Because naltrexone and DPDPE increased the levels of opioid receptors and promoted the production of NK cell cytotoxic factors in the spleen, the possibility is raised that these will increase the ability of NK cells in suppressing tumor growth. To test this possibility, we used NMU to induce mammary cancer in rats (20). Weekly measurements of body weight, tumor number, length, and width for a period of 16 weeks revealed that naltrexone- and DPDPE-treated animals had comparable changes in body weight as in control but had lower tumor incidence, tumor numbers, and tumor volume (Fig. 7, A–D). At the termination of the experiment, whole body inspection revealed that tumors were localized only in mammary glands (Fig. 7E). Tumors from the study were classified by histopathological analysis (Fig. 7, F–I), which showed that control animals had mostly adenocarcinoma, although naltrexone- and DPDPE-treated animals had mostly benign adenoma. Measurements of splenic levels of granzyme B, perforin, and IFN-γ revealed that animals with naltrexone and DPDPE had higher levels of these cytotoxic factors (granzyme B, control, 0.95 ± 0.05; naltrexone + DPDPE, 1.36 ± 0.04, n = 4, p < 0.05; perforin, control, 0.79 ± 0.03, naltrexone + DPDPE, 1.15 ± 0.04, n = 4, p < 0.05; IFN-γ, control, 0.69 ± 0.04, naltrexone + DPDPE-1.26 ± 0.02, n = 4, p < 0.01). These data suggest that naltrexone and DPDPE increase the production of cytotoxic factors to suppress mammary tumor growth.

FIGURE 7. — **Efficacy of opioid antagonist and agonist combined treatment in reduction of mammary tumor growth and progression.** Showing changes in body weight (A), percent of rats presenting with tumors each week post-injection (B), average tumor number (C), and average volume of tumor per animal in each group (D) of rats treated with NMU as well as naltrexone and DPDPE or vehicle are shown.
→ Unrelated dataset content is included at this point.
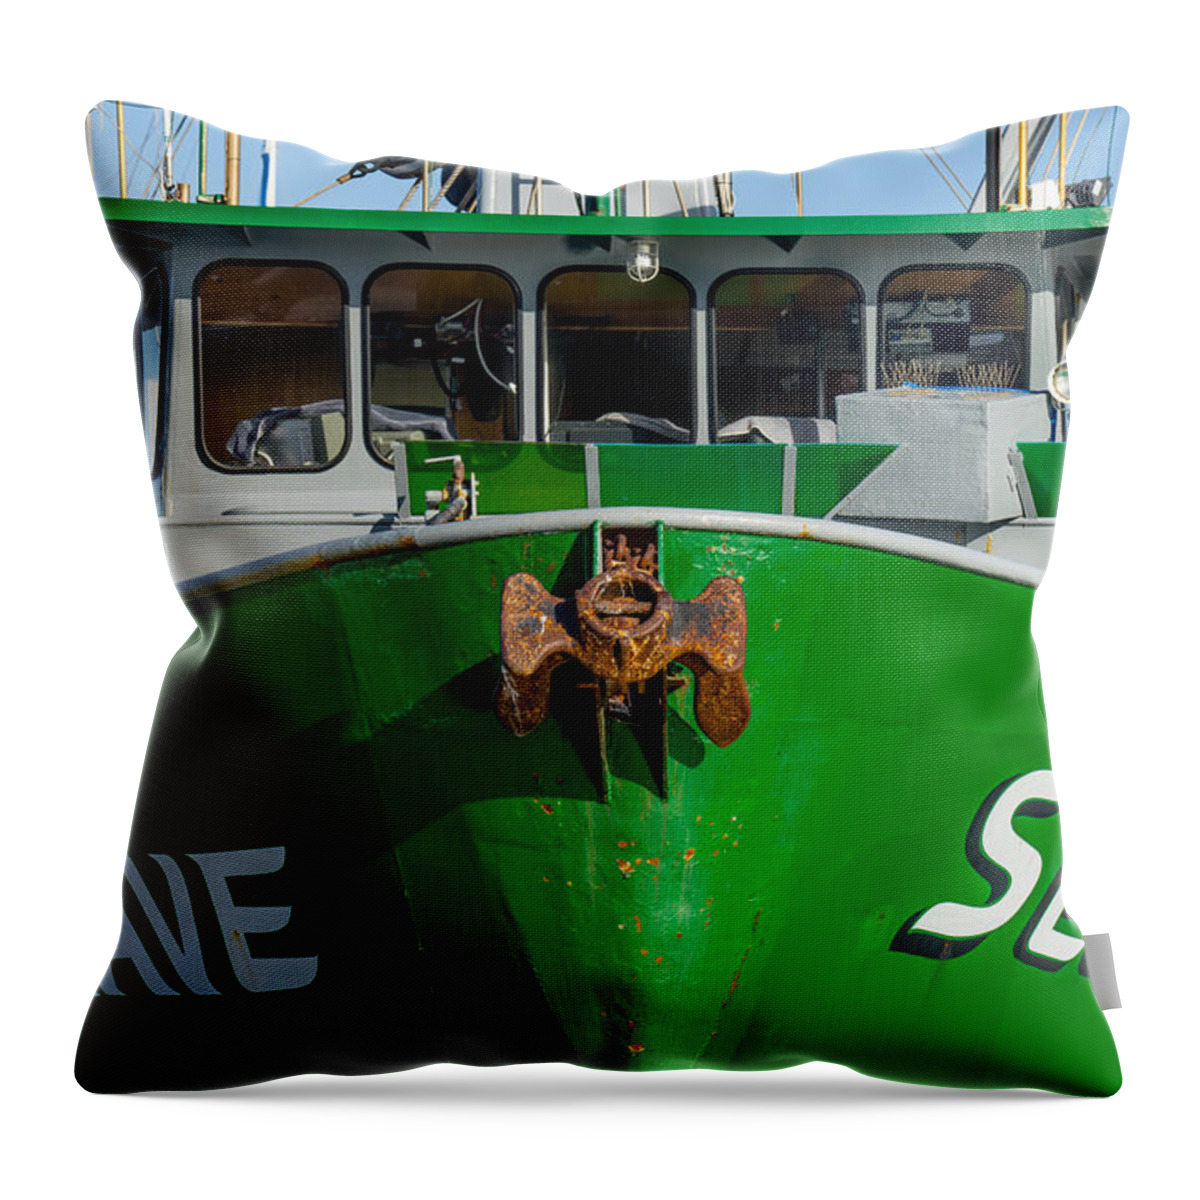 Boats Throw Pillow featuring the photograph Sea Wave by Derek Dean

Representative whole mount photographs are shown of a vehicle-treated control animal with multiple tumors (shown by *arrows*) and a naltrexone- and DPDPE-treated animal with a single tumor or without a tumor (E). Tumor malignancy rate (F) and representative histological pictures of a control (G), benign (H), and a malignant tumor (I) are also shown (*E–G*). The p values obtained from the comparison of two groups are given inside the figures.

DISCUSSION

Opioid peptides, such as β-endorphin and enkephalin, can directly modulate the function of lymphocytes and other cells involved in host defense and immunity (20–22). These endogenous peptides are known to act via MOR and DOR. The detection and signaling of DOR and MOR on lymphocytes have been previously summarized (9, 21, 23). Functional evidence of these receptors on lymphocytes was also recently reviewed (20). Despite the beneficial effects of opioid peptides and their analogs, the use of opioid analogs or opiate receptor ligands in promotion of immune function in alcoholics and other patients with immune deficiencies is limited because of the continuous or repeated exposure to an opioid ligand decreases the sensitivity to the drug and reduces cellular responses (25, 26). Furthermore, psychoactive drugs, including ethanol, alter opiate receptor signaling and function (13).
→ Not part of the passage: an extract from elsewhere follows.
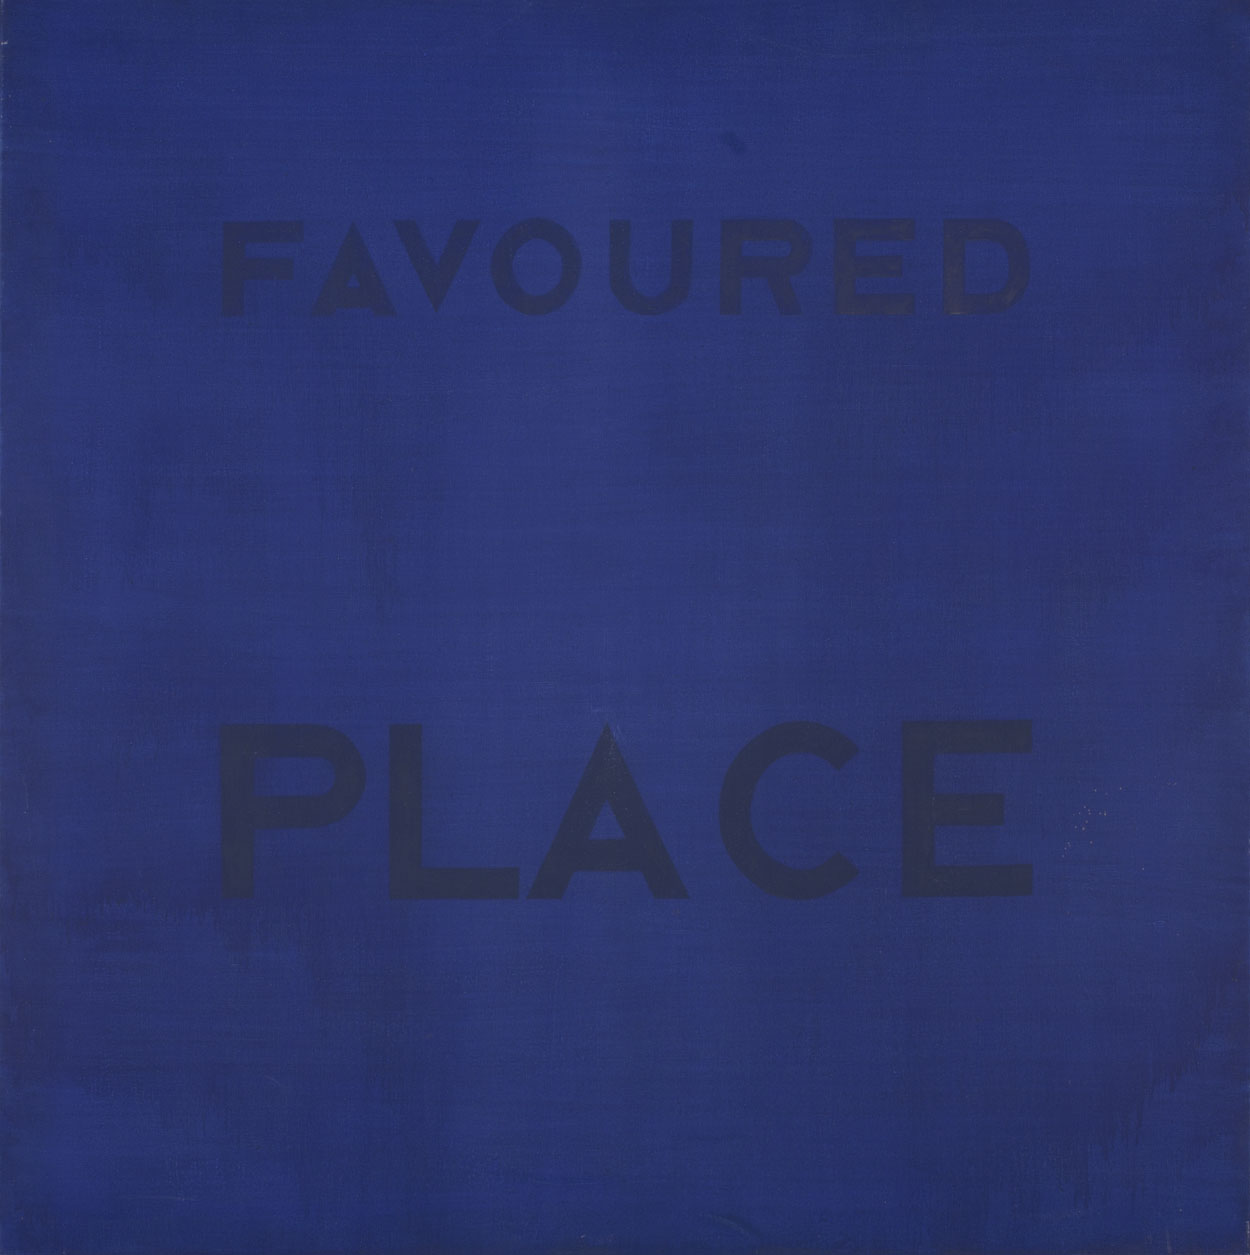 Favoured Place painting

The mechanisms underlying the response of opioid receptors to endogenous and exogenous ligands after prolonged exposure to opioid receptor antagonists were not well studied. In the cellular model, chronic exposure to MOR or DOR agonists results in several adaptive responses, including receptor desensitization (27), receptor down-regulation (28), receptor internalization (29), receptor association with G protein receptor kinase (30), and adenylyl cyclase supersensitization (31). Chronic treatment with opioid agonists converts the antagonist naloxone and naltriben into inverse agonists on DOR (32). Both DOR and MOR have constitutive activity (14, 32, 33), and this may contribute to the development of adaptive response.

Opioid receptors are members of the large superfamily of G protein-coupled receptors (14). Like many G protein-coupled receptors, DOR and MOR are constitutively active, producing spontaneous regulation of G protein and effectors in the absence of agonists (15, 16). It could be that chronic treatment with opioid antagonists increases the affinity of agonists for those opioid receptors that are not occupied by the antagonist, thereby increasing the responsiveness of the receptor to an agonist. However, this view cannot explain the differential responses of the DOR or MOR to naltrexone and naltrindole. We noted an inverse relationship exists between the expression of these opioid receptors in the splenocytes and RNK16 cells. Hence, we tested the possibility that there may exist an intrinsic feedback inhibition of constitutively active MOR on DOR receptor and vice versa. This view is supported by our data showing that an MOR-specific antagonist decreases MOR ligand binding but increases DOR ligand binding. Additionally, a DOR-specific antagonist decreases DOR ligand binding but increases MOR ligand binding. We also found that the interaction between MOR and DOR ligand binding depends on the availability of receptor proteins as down-regulation of the expression of the genes alters the feedback interaction between these two receptors. These data suggest that there might exist a negative feedback interaction between constitutively active MOR and DOR in the spleen.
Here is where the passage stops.